MAAS changing boot order during deployment

While we are currently able to deploy to some nodes just fine (PowerEdge M630 with 1Gbps NIC), when we try to deploy the same image to a different machine (PowerEdge R450 with 25Gbps NIC), MAAS seems to change the boot order of the node during deployment to put PXE first. Because of this, when the deployment is done and the node reboots, it goes right back to PXE and deploys all over again. This continues indefinitely until we manually fix the boot order. But sometimes, in doing so, MAAS doesn’t recognize that the deployment has finished and so it marks the node as “failed deployment.” Is there some way to prevent MAAS from rearranging the boot order during deployment, or to at least put it back before rebooting at the end of the deployment?

Hi @dcaunt42

This is a normal behaviour for MAAS to change the boot order (having PXE/Netboot as the first option). Why you would like to revert back the boot order when machine is deployed?

Once machine is deployed and powered on, it will try to PXE, but since MAAS knows that machine is deployed, it will return grub.cfg telling machine to boot from disk.

Probably your continuous PXE is a symptom of a different issue. Is there anything interesting in the logs?

It is also worth checking logs on the aforementioned machine at /var/log/cloud-init.log

Thank you for this @troyanov. I didn’t realize that this was expected behavior since the M630s that we tested first did not have their boot order changed. Using this knowledge, I will look into this again and see what I can find. Thank you.

@dcaunt42, did you ever resolve this one?

I had to give up on troubleshooting the node I was working on at the time, but I am having the same problem again with a new node. I will post details and log files shortly.

We are currently attempting to deploy to a Lenovo ThinkSystem SD650. The deployment attempt looks something like:

  • Node commissions successfully
  • We initiate a deployment to it
  • It looks as though it deploys successfully, but afterwards it reboots and seems to start deploying again from the beginning.
  • This time, the deployment fails (see screenshot ending with “reboot: Restarting system”)
  • The node then reboots one more time, attempts to boot under MAAS direction, gives the errors “error: invalid magic number” and “error: you need to load the kernel first” and then stops at the GRUB screen (see second screenshot)

Linked is the messages file from /var/snap/maas/common/log/rsyslog on the region controller. This log file should contain everything from the commissioning, initial deployment, second deployment attempt, etc.

We ran another test today to make sure that the problem was not related to our custom Rocky8 image that we’re attempting to deploy. Even though this image has deployed fine on Dell machines before, we ran another deployment on the Lenovo host with the Ubuntu 22.04 image in MAAS. The results were slightly different so we’re hoping this output may help shed some light on the issue. Or it may look more familiar to those who have more experience deploying Ubuntu.

The deployment attempt looks like:

  • Node commissions successfully
  • We initiate a deployment of Ubuntu 22.04 to it
  • It looks as through it deploys successfully, but afterwards it reboots, attempts to boot from disk, and shows the output below (see screenshot)
  • After the screen below, we get “no boot device available” and it reboots again (and tries to boot from disk again, and loops like this forever)

Linked is the messages file from /var/snap/maas/common/log/rsyslog on the region controller.

Any advice would be greatly appreciated. Thank you!

@billwear any suggestions on how we can get some help resolving these issues?

we have thousands of physical lenovo nodes we need to provision and are kind of stuck.

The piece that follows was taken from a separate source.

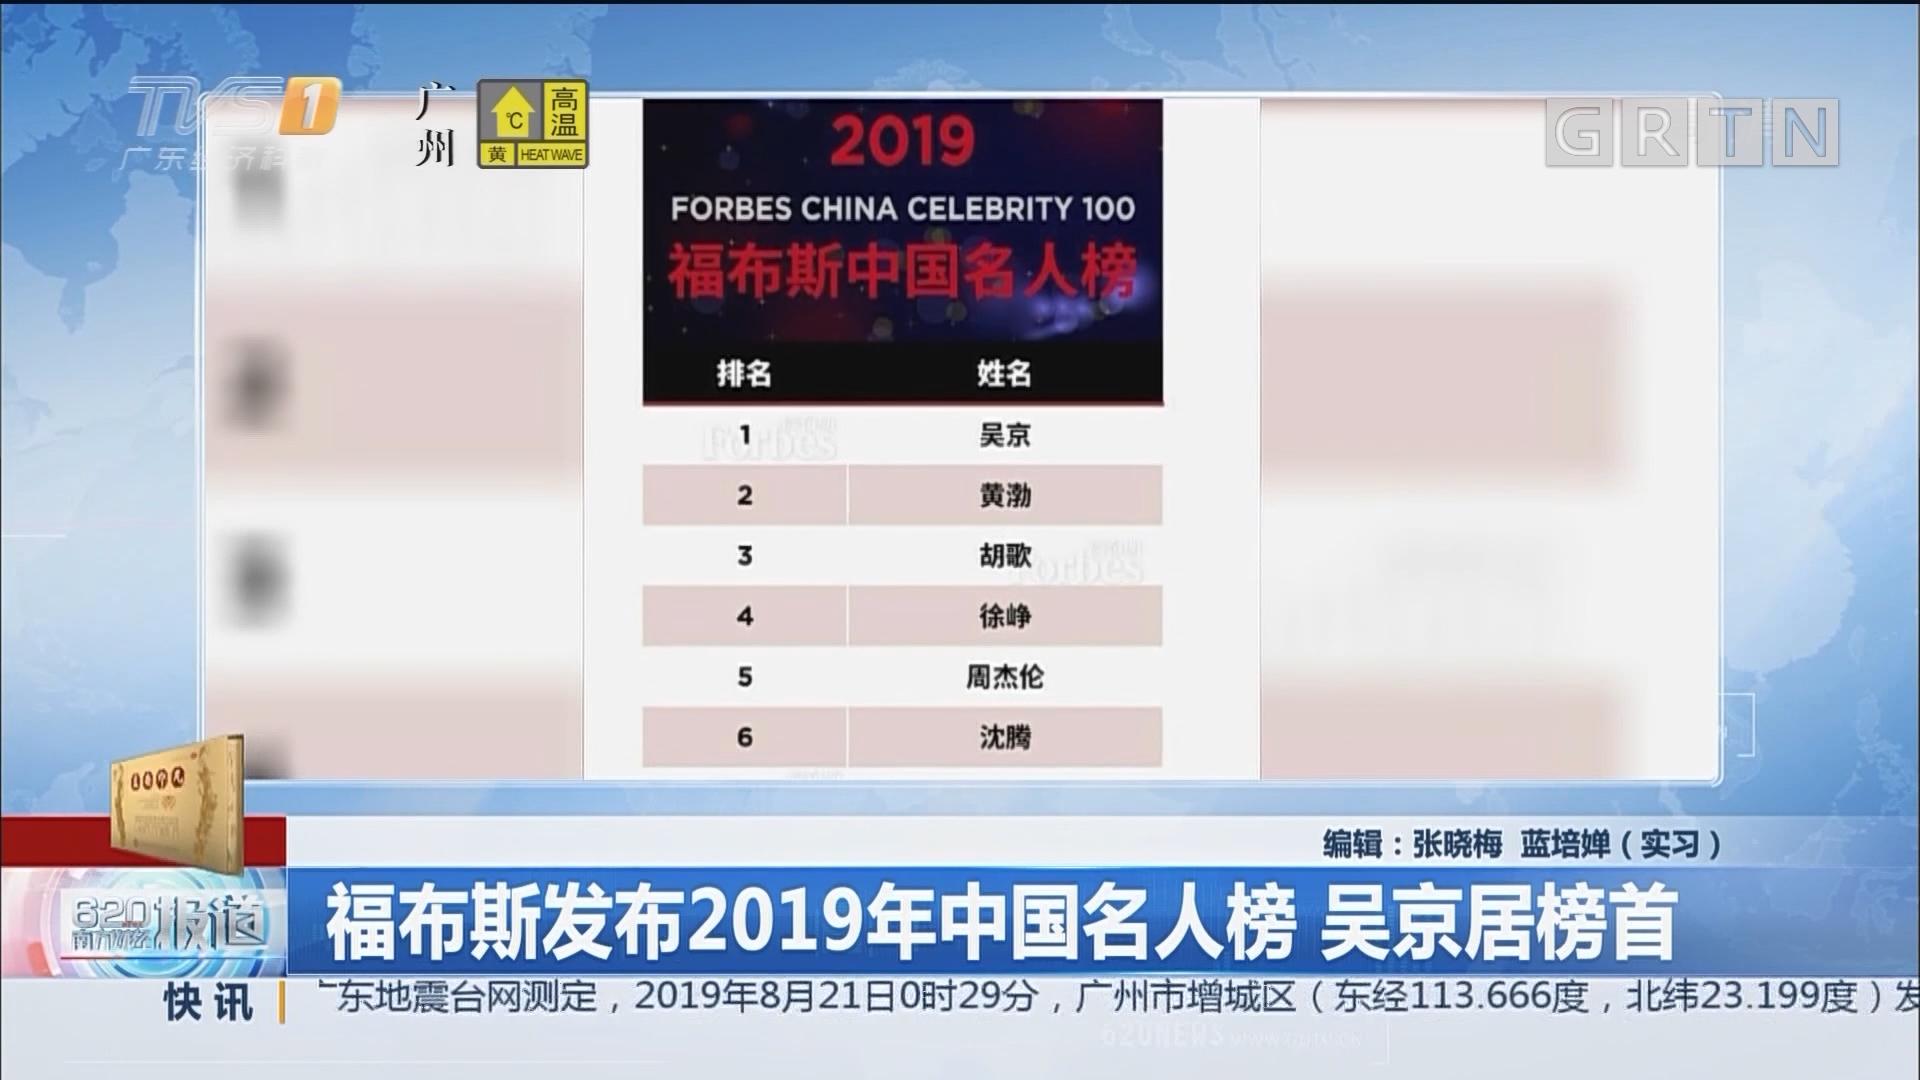 福布斯发布2019年中国名人榜 吴京居榜首

@dcaunt42 is your custom Rocky image based on our packer template? If not, it seems the image may be missing a boot loader / isn’t properly installing one.

@rockpapergoat, see the recent reply from one of our engineers

1 Like

yes, we based ours off the ones published here. they’re basically identical except for installing a couple of packages. we do all the rest with cloud-init, driven by terraform.

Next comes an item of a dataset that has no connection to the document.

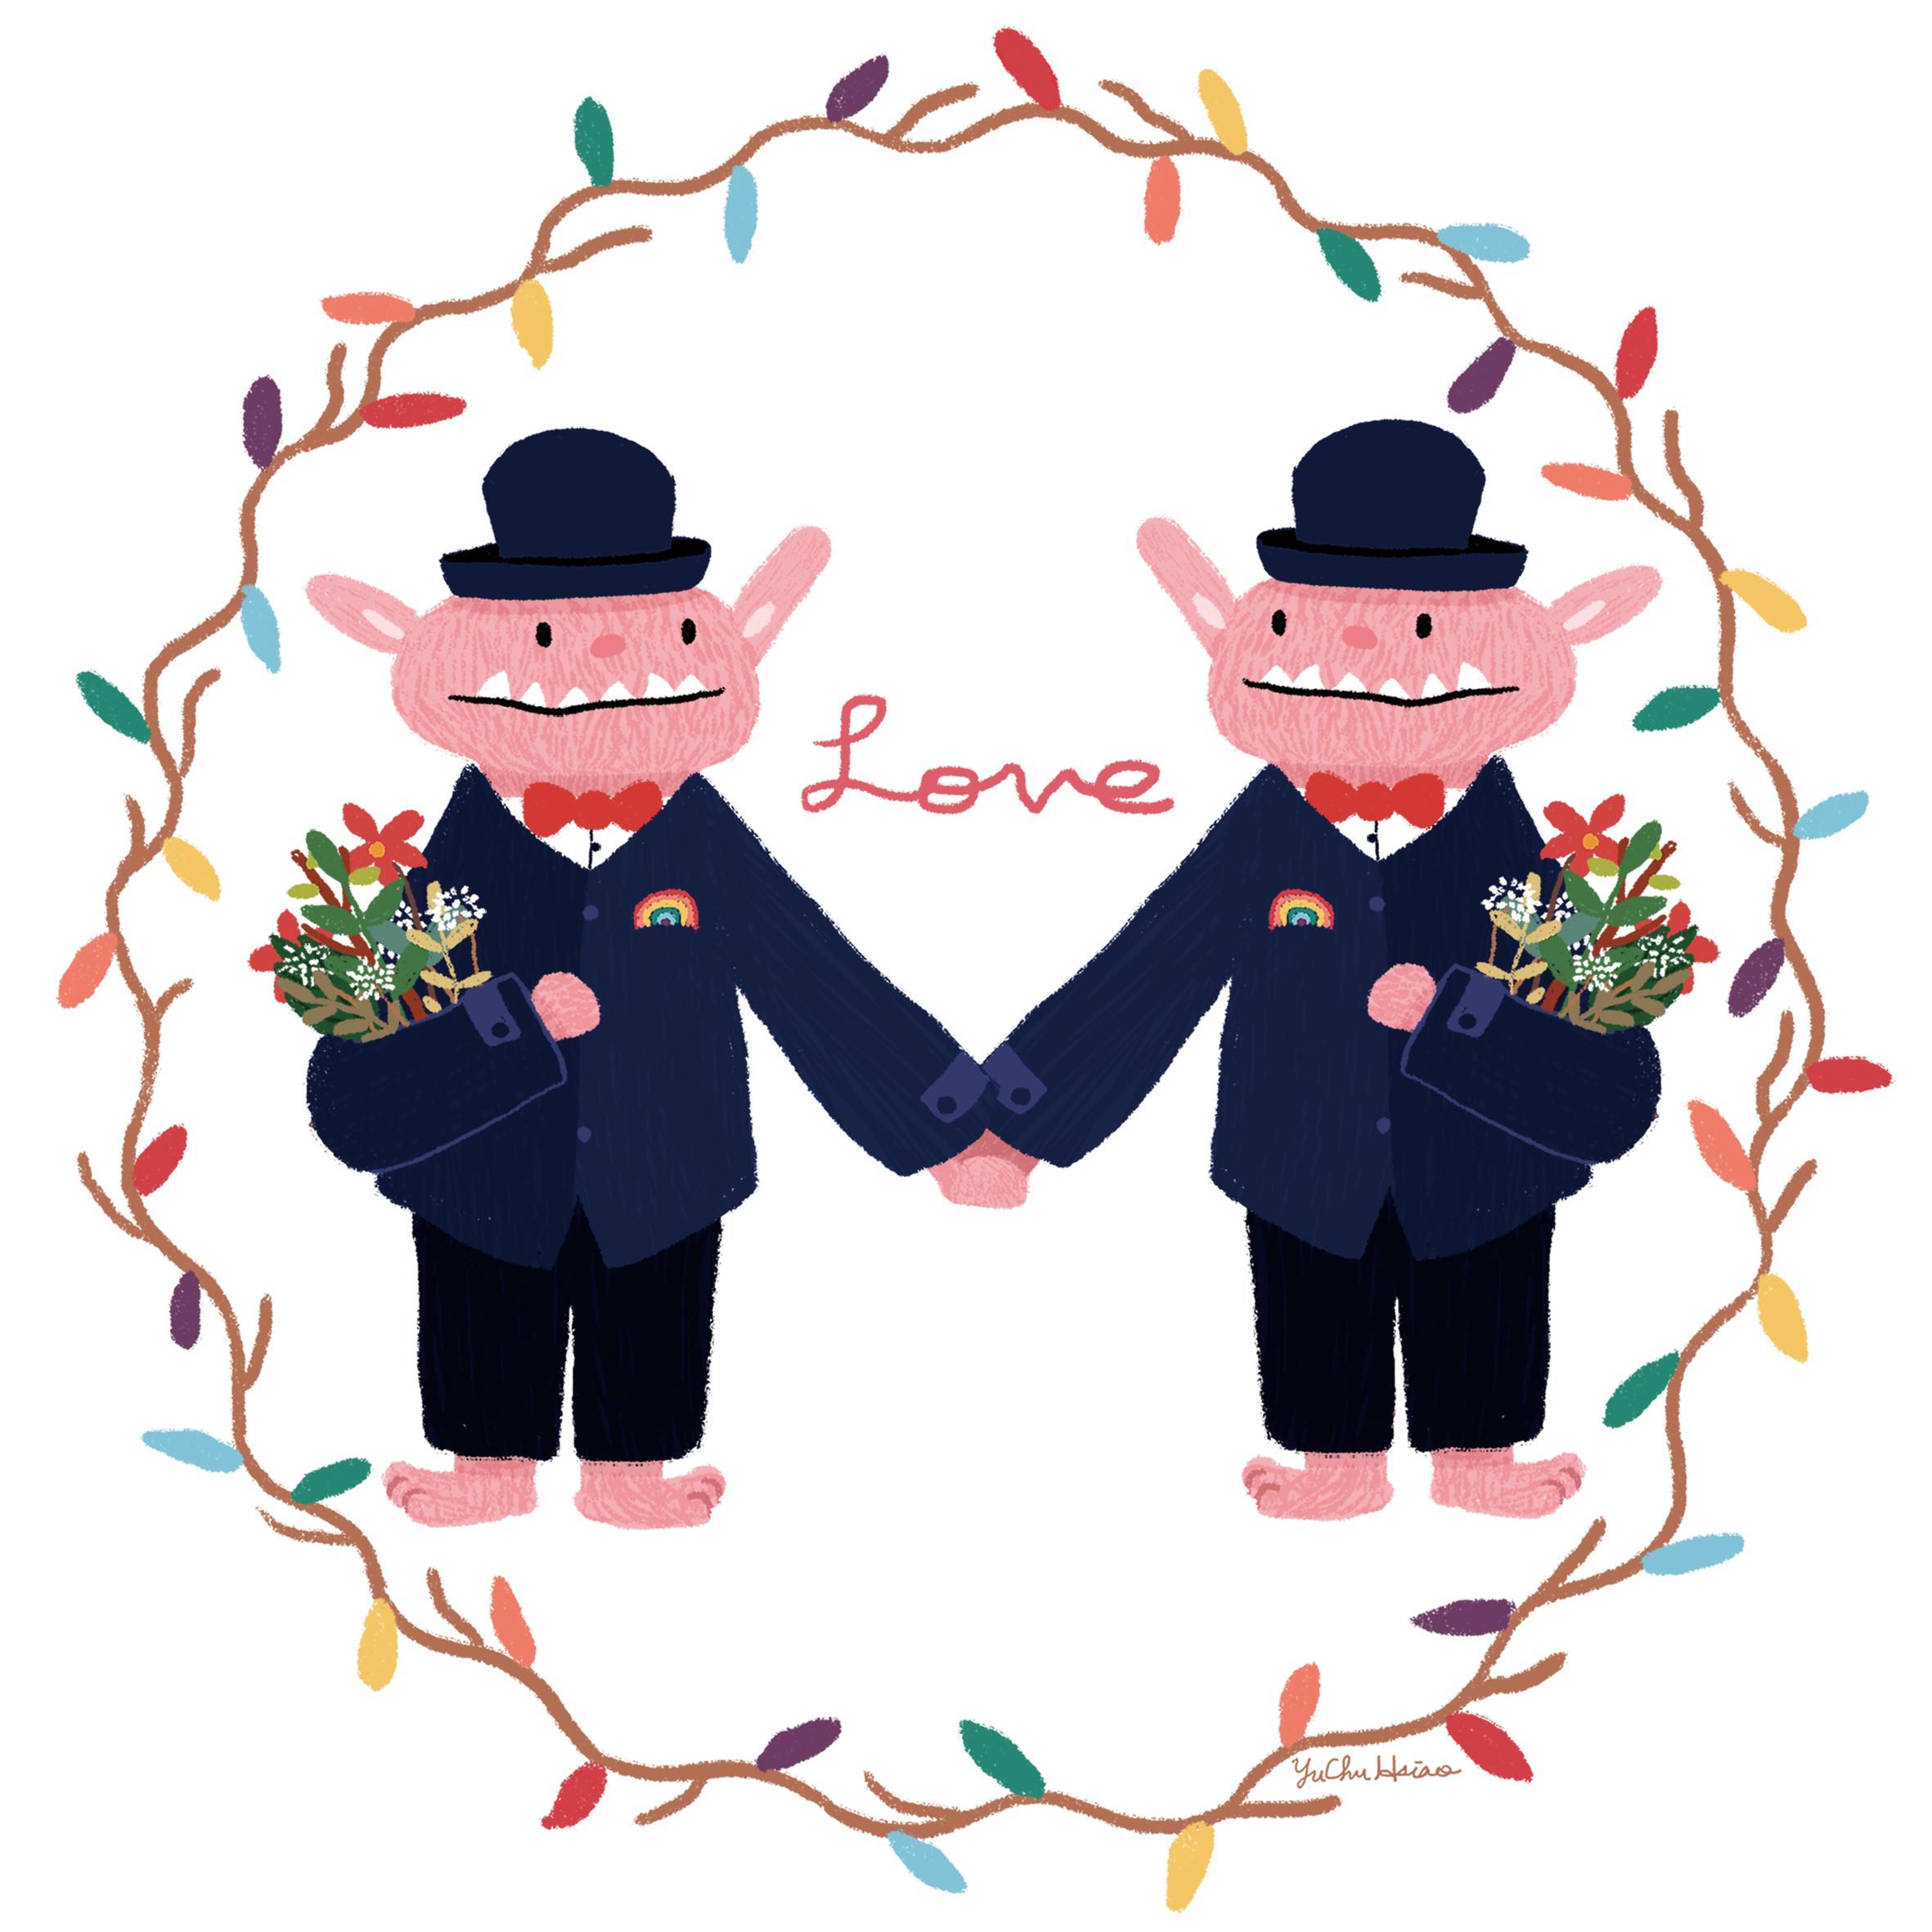 Love_print.jpg

for what it’s worth, ubuntu 22.04 stock images also don’t install on any of our lenovo hardware, even with updated bios firmware. @dcaunt42 has the most context, as described above.

rocky and ubuntu install fine on older dell hardware in our test cluster. something’s missing here, and it’s hard to determine if it’s hardware, config, networking, or maas at this point.

This is sounding like it may be machine specific, at which point we’d recommend you look into our support. But to confirm, this is an issue with a specific type of machine and these images do boot on other hardware?

Yes, this particular image does boot on other machines, specifically Dell brand servers.
We’ve been trying to work out a support contract with your support specialists since November. It has been slow-going, so we’ve been using these support forums while we wait for that.

from what we heard, a professional services engagement for a specific project scope seemed like what you offer, but it’s not really what we need. we have patterns in place on this side already but are getting stuck with hardware and config issues.

personally, i’d like to see more discussion in here around patterns and usage, but it seems like mostly break/fix talk. we’re most likely going to release our terraform module at some point and would like to collaborate with folks on making this more useful. even though MaaS has been out for awhile, it’s been difficult to find people who are using it in production to talk shop and trade patterns.

that said, we appreciate your help here and recognize this is a best effort, community driven forum.